## MATERIAL SUPPLIED
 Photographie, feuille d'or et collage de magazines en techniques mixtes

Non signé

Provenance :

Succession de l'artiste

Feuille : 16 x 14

---

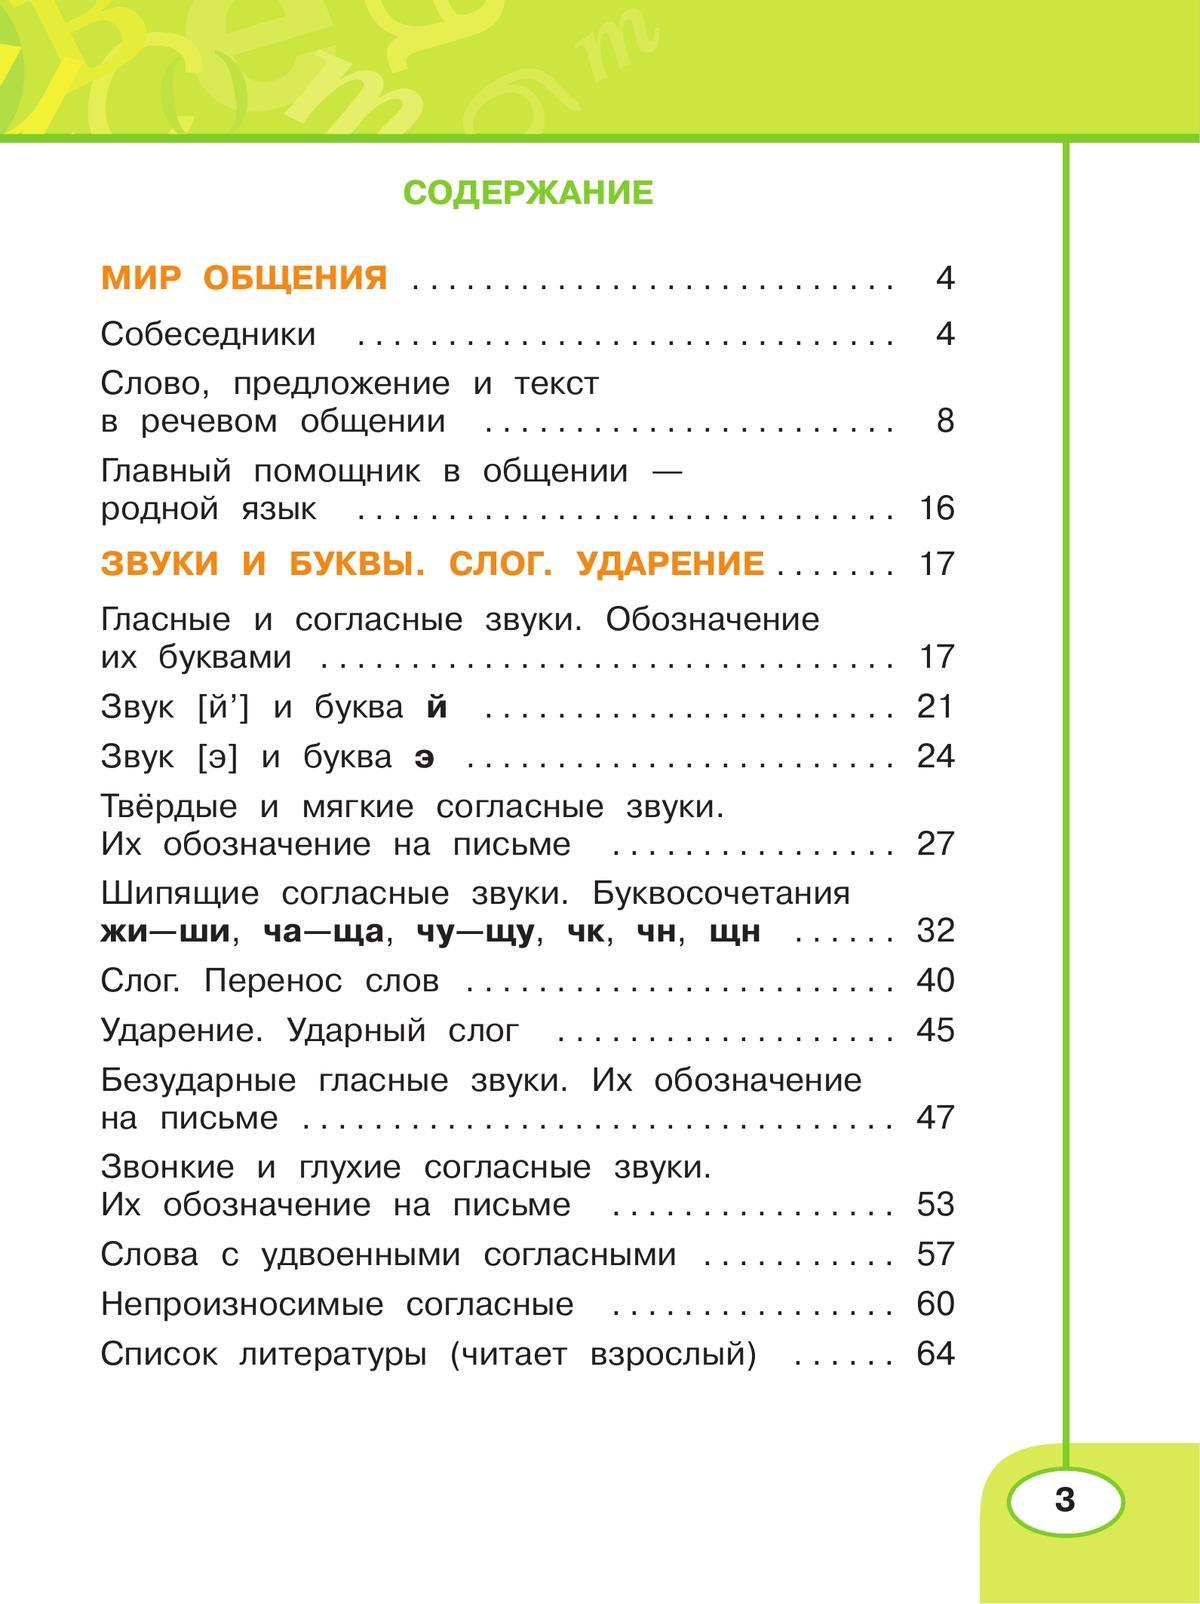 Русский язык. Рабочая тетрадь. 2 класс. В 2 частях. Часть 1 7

## WHAT IS BEING ASKED
Only the lines above from the one with "Photographie, feuille d'or" up to and including the one with "Feuille : 16 x 14" should be repeated, exactly as written.

## PROBLEM SOLUTION
 Photographie, feuille d'or et collage de magazines en techniques mixtes

Non signé

Provenance :

Succession de l'artiste

Feuille : 16 x 14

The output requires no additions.